Судя по последним снимкам, Эдвард затем перешел на более непринужденный деревенский стиль: вощеная куртка поверх джинсовой рубашки, потертая шляпа трилби и хлопковый шарф с бахромой, подчеркивающий цвет глаз. Благодаря выдающимся бровям и крупному носу его лицо могло бы выглядеть устрашающе, но когда Эдвард демонстрировал яркую, белоснежную, небританскую улыбку, его харизма мгновенно привлекала внимание, даже на фотографиях, где полированная медь волос выцвела до бледного золота.
На самой свежей фотографии, которую Рози удалось найти, он стоял у капота старого лендровера “Дефендер”, выкрашенного в розовый, а у его ног сидели три собаки. Сен-Сир облокачивался на открытую дверь автомобиля, и на мизинце левой руки отчетливо виднелся перстень с печаткой. Рози передернулась.
Глава 3
Королева поужинала в столовой со своей фрейлиной, а затем Филип позвонил ей из постели.
– Мне сказали, что Неда Сен-Сира кто‐то порубил на кусочки. Что, черт возьми, произошло? – В его голосе слышалось потрясение, но ему явно стало лучше.
– Не совсем так. Пока нашли только один кусочек. – Королева наслаждалась вечерним виски в салоне с фрейлиной, перед тем как отправиться в постель.
И кто ему сказал? Сплетни распространялись среди слуг со скоростью лесного пожара и имели тенденцию мутировать, как при игре в испорченный телефон. Бог знает, о чем судачат сейчас в служебном крыле.
– Помнишь Белый бал, который они с Патриком закатили здесь для твоей матери?

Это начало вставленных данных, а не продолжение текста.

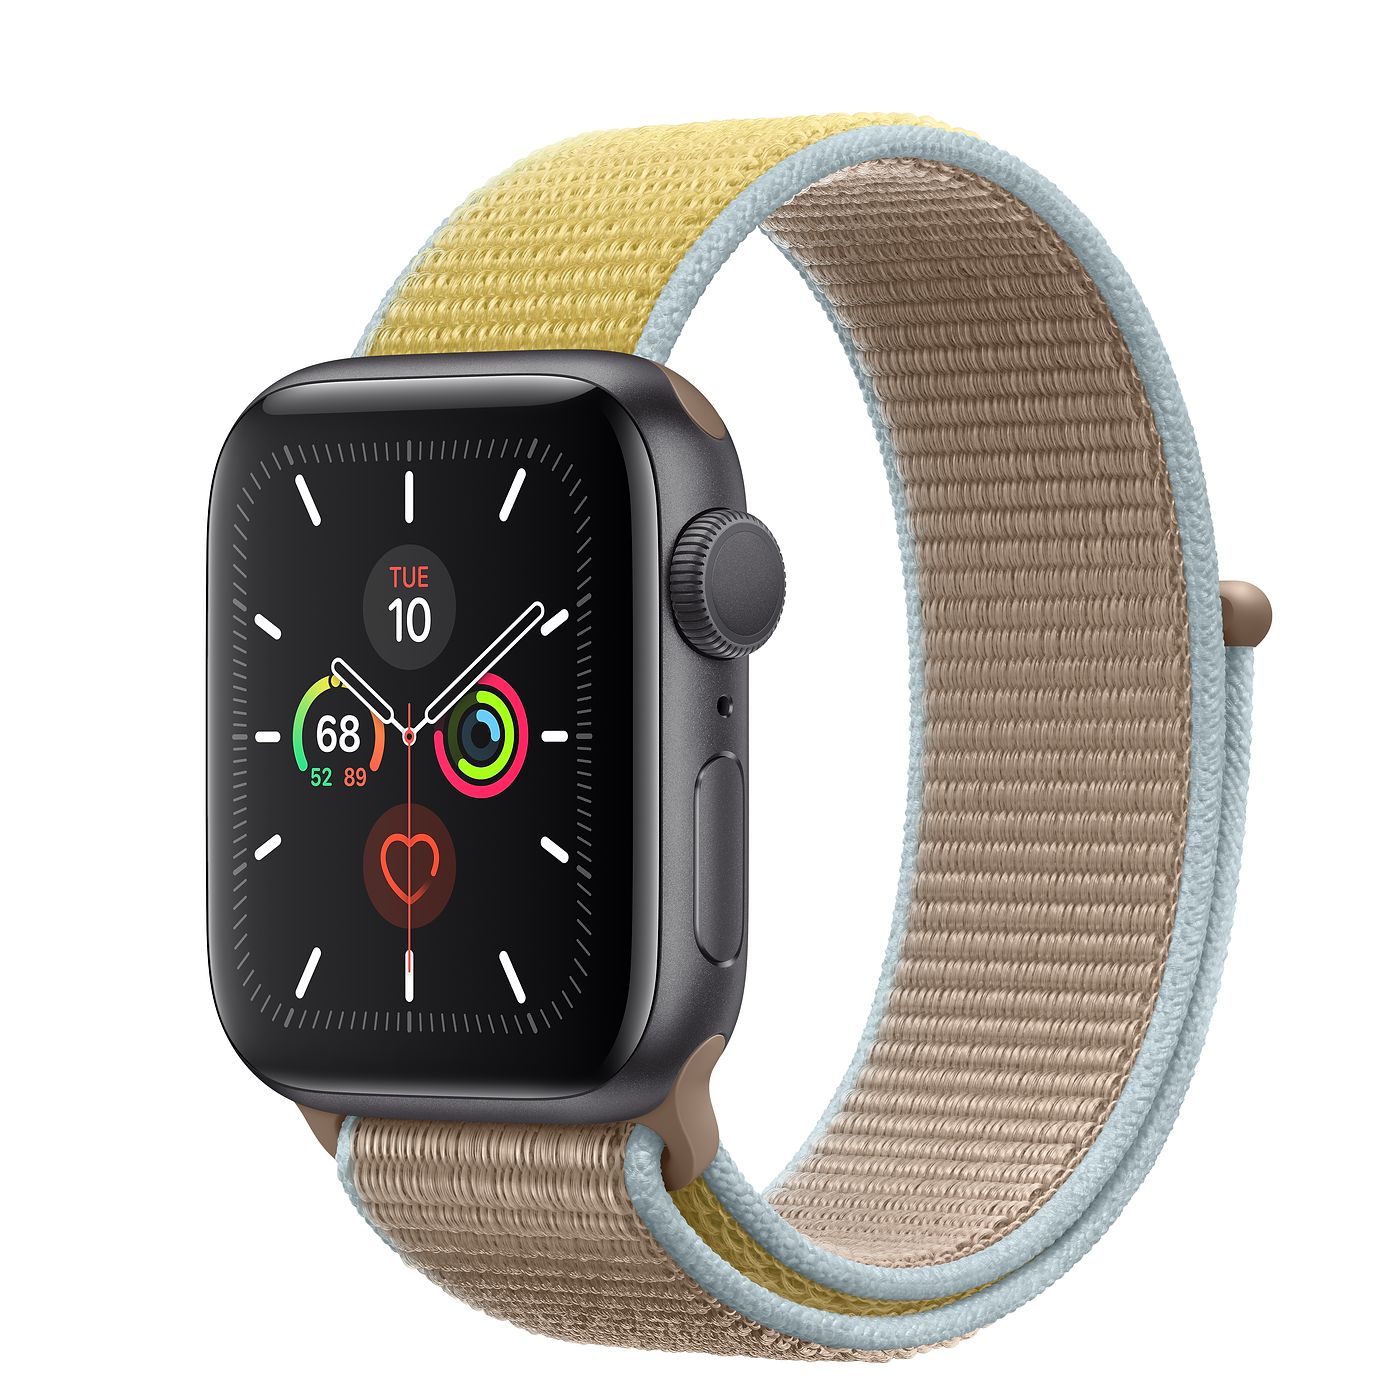 Apple Watch Series 5 GPS 40mm Space Gray Aluminum with Camel Sport ...

Королева помнила. Это было в начале шестидесятых, когда они с Недом еще виделись регулярно. Неду, вероятно, было не больше двадцати, но он и его дядя Патрик уже были партнерами по организации мероприятий для высокого общества примерно в пяти графствах. Идея бала в Сандрингеме выросла отчасти из “Черно-белого бала” Трумена Капоте в Нью-Йорке, а отчасти из портретов принцесс кисти Франца Винтерхальтера, который изобразил женщин в романтической манере: в белых платьях с открытыми плечами и с роскошными кринолинами. Напротив стула, на котором сейчас сидела королева, висел такой портрет молодой королевы Виктории. В тот вечер мама блистала, словно кинозвезда, в нескольких слоях тюля цвета слоновой кости. Нед приложил огромные усилия, чтобы украсить дом цветами из знаменитого белого сада в Ледибридже, а также искусными бумажными орнаментами, которые смастерил сам и развесил в каждом зале. Ночь была волшебной… пока перепившего гостя не стошнило в один из роялей, но едва ли в этом можно винить Неда.

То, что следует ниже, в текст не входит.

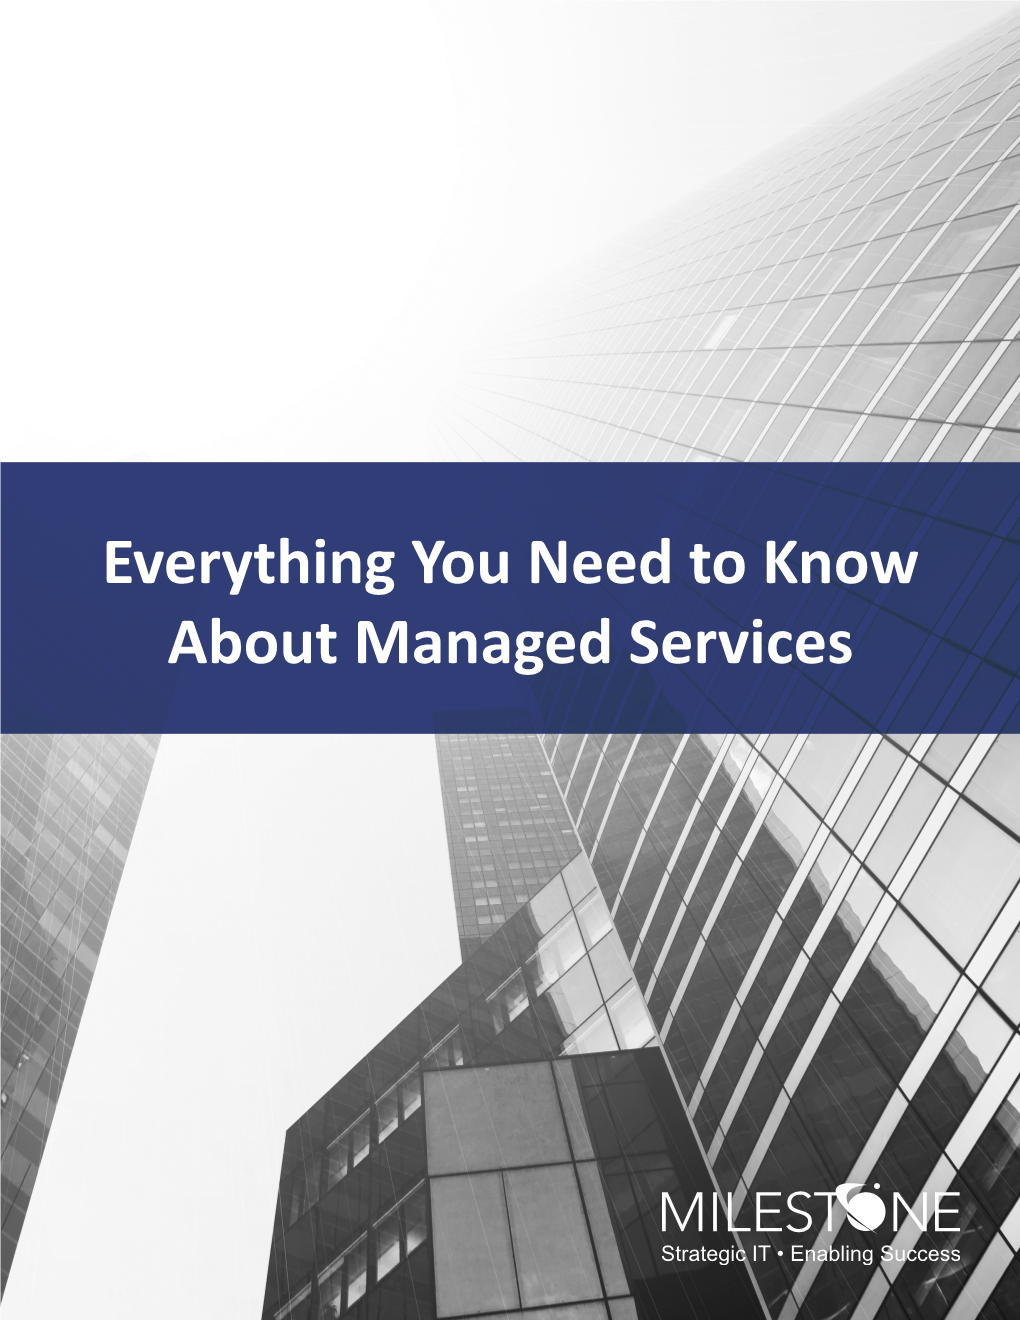 Everything You Need to Know About Managed Services Table of Contents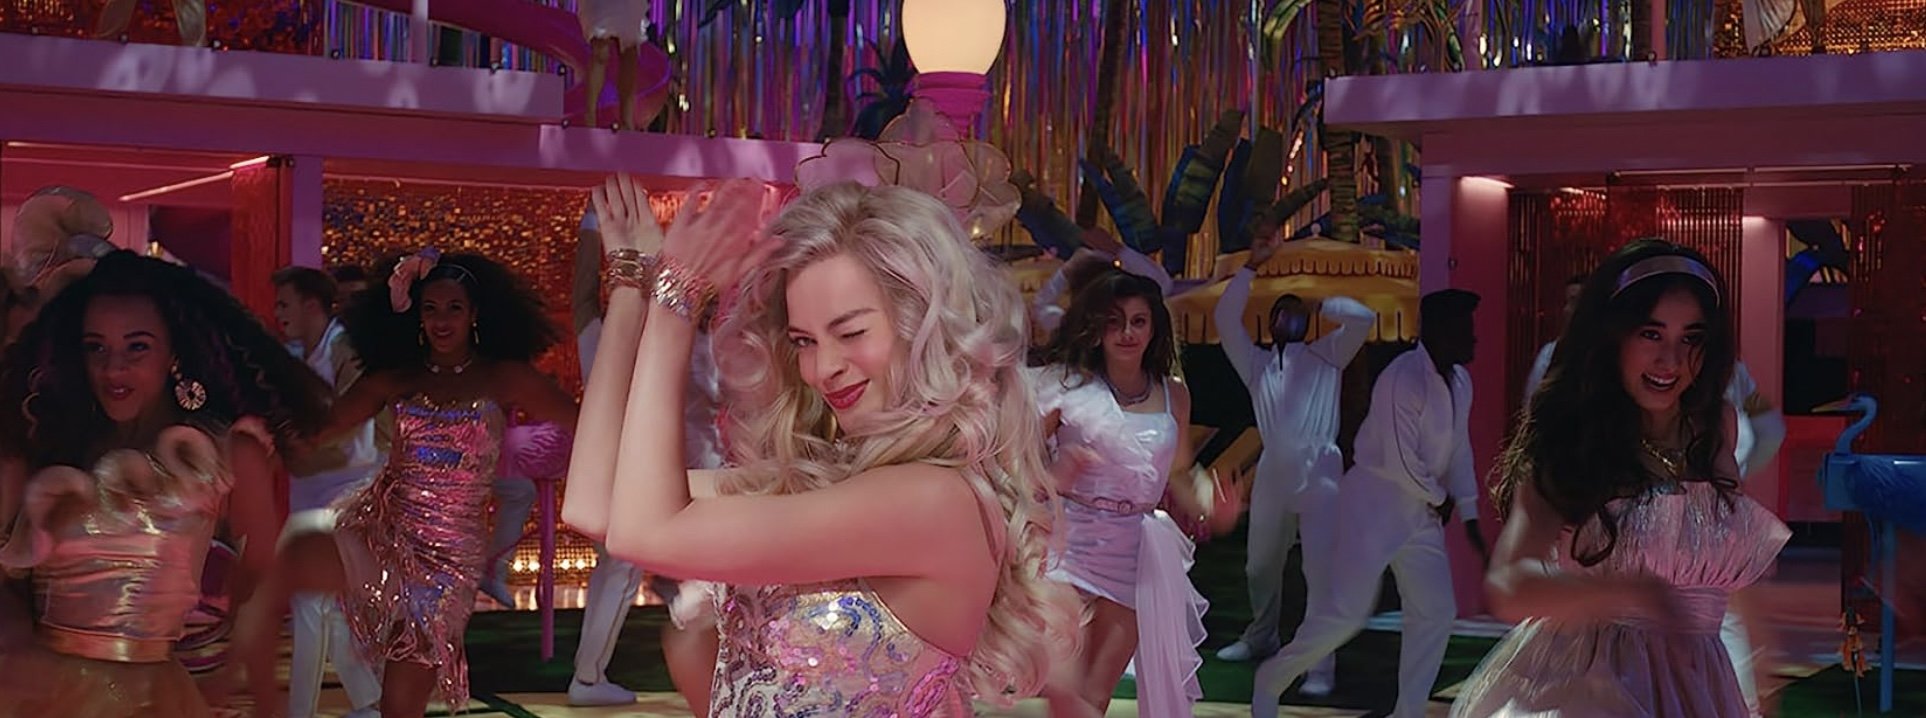 Barbie-hosts-a-dance-party-at-her-Dreamhouse-in-the-Barbie-movie-2023.jpg

– Тот рояль несколько месяцев не могли потом настроить, – проворчал Филип. – Или лет. Нед вечно во что‐то встревал. Он ведь мертв, я полагаю?
– Я поднимусь, – сказала королева.
Это был не телефонный разговор, тем более здесь, когда ее внимательно слушала фрейлина, а у двери стоял лакей.

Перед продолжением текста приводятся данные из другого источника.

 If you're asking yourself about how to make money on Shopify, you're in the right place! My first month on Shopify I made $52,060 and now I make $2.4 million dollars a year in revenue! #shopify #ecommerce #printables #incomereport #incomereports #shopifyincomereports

По пути наверх она представляла мать Неда, роскошную Джорджину – старшую сестру Патрика, – спускающуюся в тот вечер по этой самой лестнице в бархатном платье от Диора. В пятидесятые и шестидесятые годы Джорджина была частым гостем в Сандрингеме. Она была одного возраста с королевой, звезда своего звездного поколения. Джорджина ездила верхом, занималась фермерством, поддерживала сад в соответствии с международными стандартами, коллекционировала современное искусство (она одной из первых заметила потенциал молодого художника по имени Дэвид Хокни), выглядела одинаково модно в парижском кутюре и в кардигане с кармашком для секатора. Однажды она остроумно объединила несколько своих увлечений и решила позировать для портрета в бальном платье верхом на своем любимом скакуне в гостиной Ледибриджа. Нед, единственный ребенок, обожал ее безмерно, а Джорджина была очень вовлеченной в процесс воспитания матерью. Королева пыталась следовать ее примеру, но частые разъезды оставляли меньше возможностей уделять внимание детям, поэтому иногда она немного завидовала их отношениям.